I’ve been feeling very quiet these last couple of days; maybe it’s because the weather abruptly shifted from unbearable to almost cool. I’ve been cooking good things—saag paneer (but without the paneer, because I don’t like it) and chana masala and white chili and maple cornbread—and I’ve been feeling tired all the time. Any outing, however small or pleasant, is exhausting. So I’m upping my iron intake just in case it’s anemia and not the weather (unlikely, as I get plenty of iron in a vitamin, but my best idea aside from “nap more”).
I’ve been making more of an effort to really cook because my husband is having a hard time; he hates his job, which is reasonable, but it haunts him even in off hours and days away, and I don’t know how to really help with that. We talk, and I both listen and give useless advice; I’ve started buying beer because he likes to have one in the evening after work, and it’s a small thing, but I want to heap small good things up all around him. “I never thought I would be one of those guys, you know—” he said to me.
“The kind who like beer? I think that’s most of them, cookie pants.” I like watching him enjoy himself, and I am also privately amused by the picture of myself, visibly pregnant, lugging a box of beer from the bus stop home.
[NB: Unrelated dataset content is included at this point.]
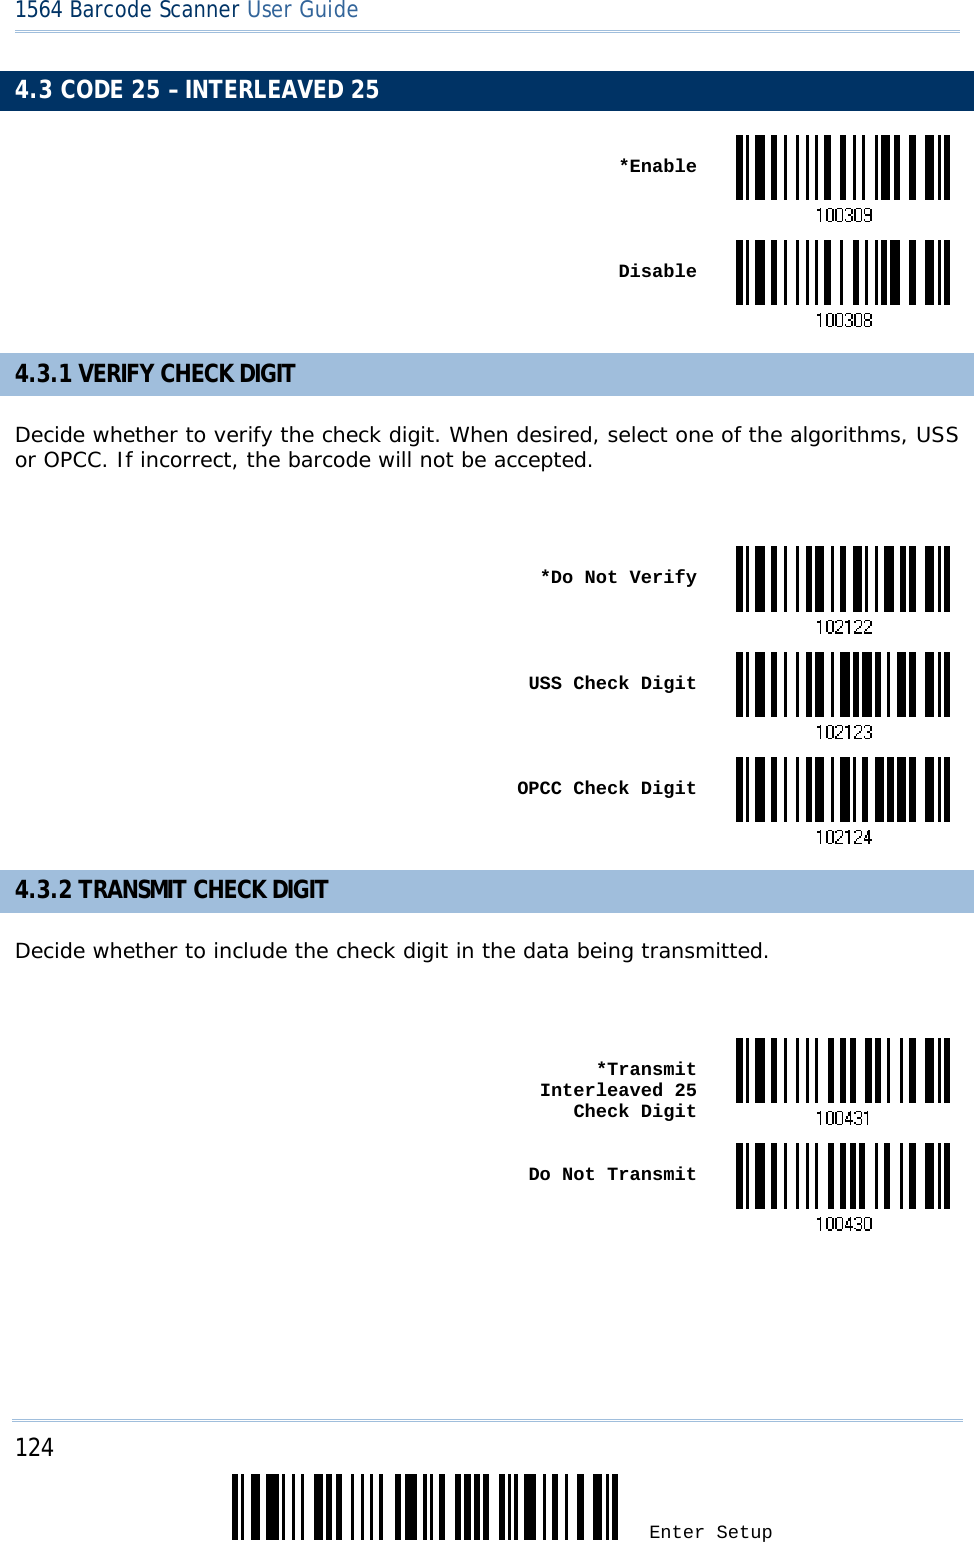 124 Enter Setup 1564 Barcode Scanner User Guide  4.3 CODE 25 – INTERLEAVED 25  *Enable Disable4.3.1 VERIFY CHECK DIGIT Decide whether to verify the check digit. When desired, select one of the algorithms, USS or OPCC. If incorrect, the barcode will not be accepted.   *Do Not Verify USS Check Digit OPCC Check Digit4.3.2 TRANSMIT CHECK DIGIT Decide whether to include the check digit in the data being transmitted.   *Transmit Interleaved 25  Check Digit Do Not Transmit     
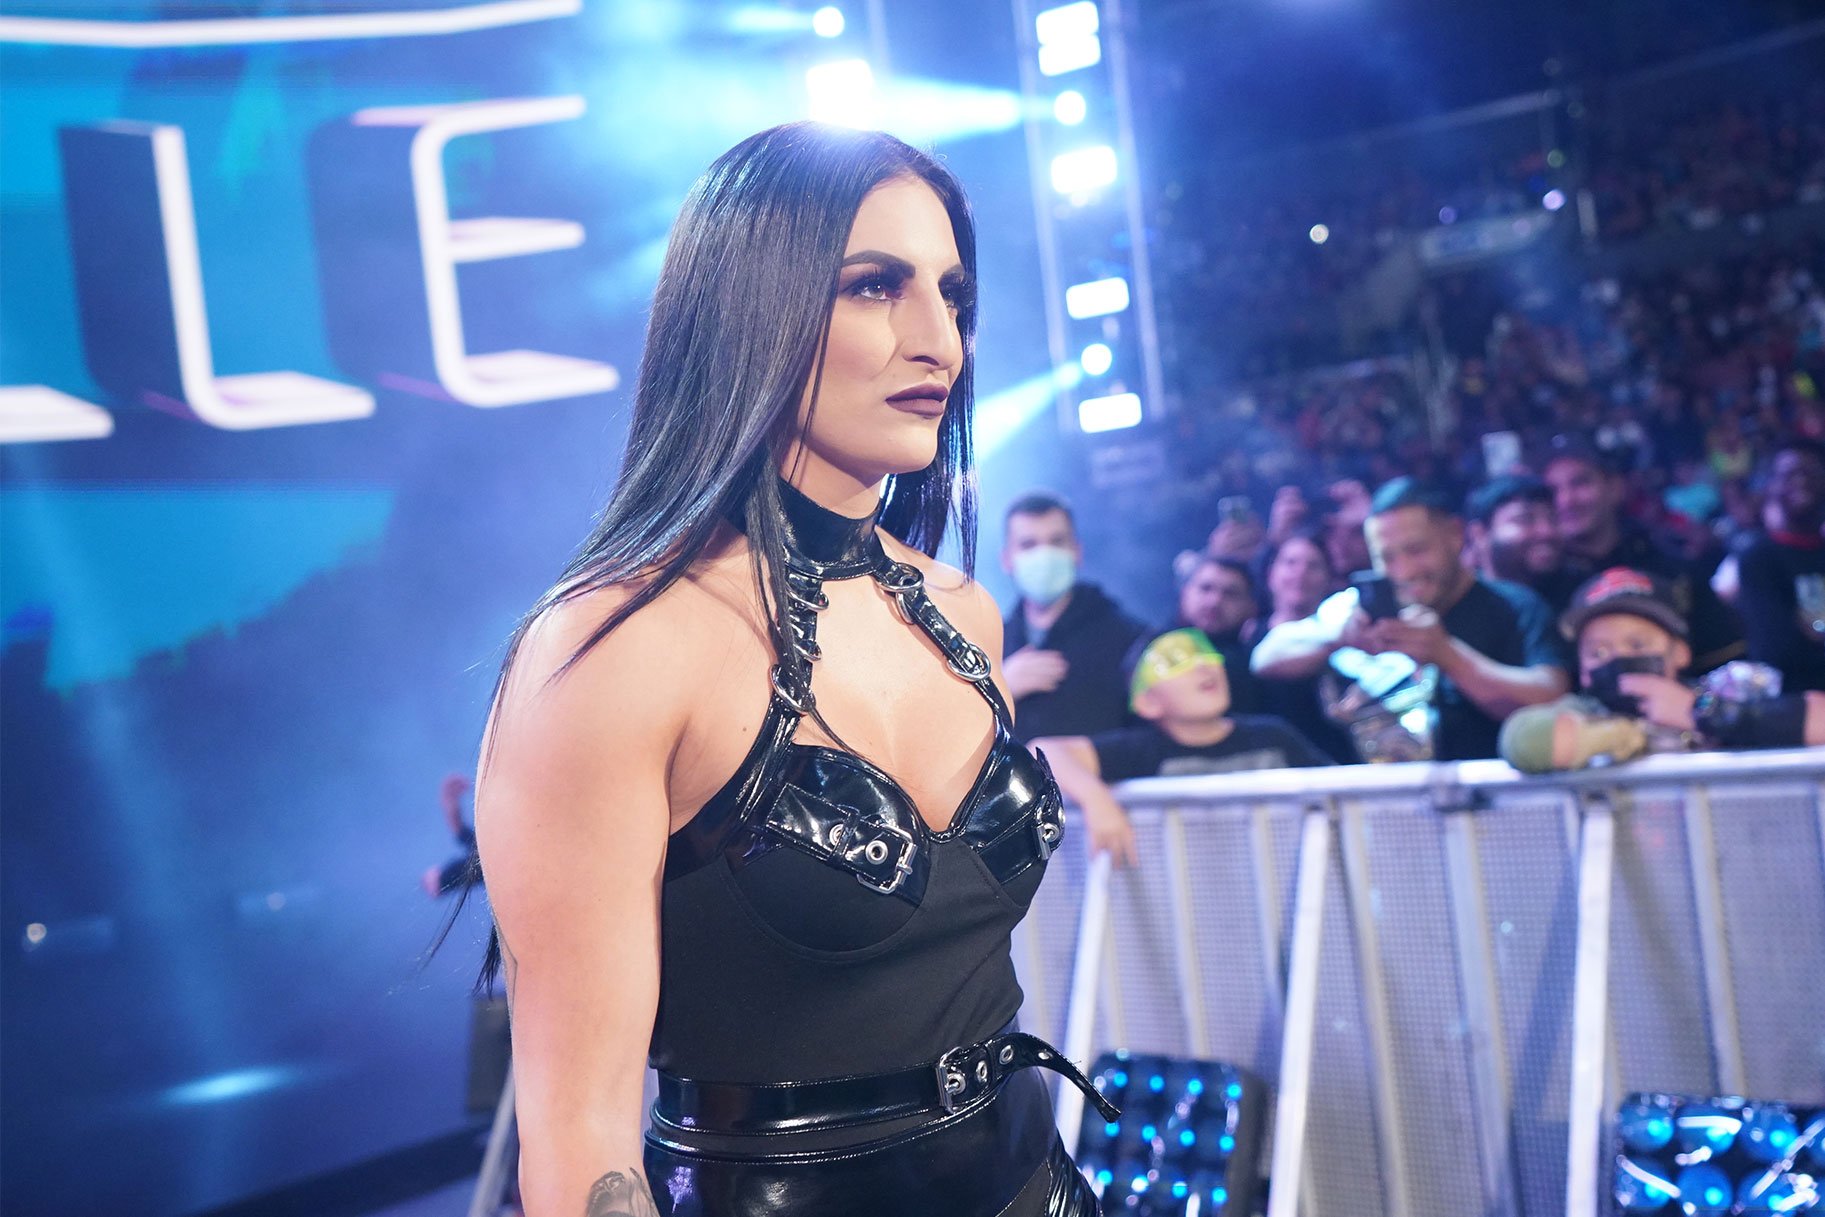 Breaking News: Sonya Deville Anticipated to Make Imminent Comeback, Reports Suggest

If there is a way to make Mr. Book feel better about life, I’ve got to find it. He has a terrible job, and while we have two possible exit strategies, they seem awfully distant and unreal to him right now. I had a job for awhile in college that was pretty bad for me—it finally got to the point where I had panic attacks walking to it every day, and I still wouldn’t quit, and finally being fired was almost a relief. I know what it’s like to have the kind of job that actually makes you want to kill yourself, and that you’d feel like an idiot for actually killing yourself over. But I was mostly able to leave it at work, and my husband can’t. I don’t know whether I can teach him to draw a line around work and step away from it, but it’s my best idea so far and it isn’t working right now. I should say that this isn’t a sudden change; he has been sad and hurt about his work for a long time. But right now I’m thinking about it more.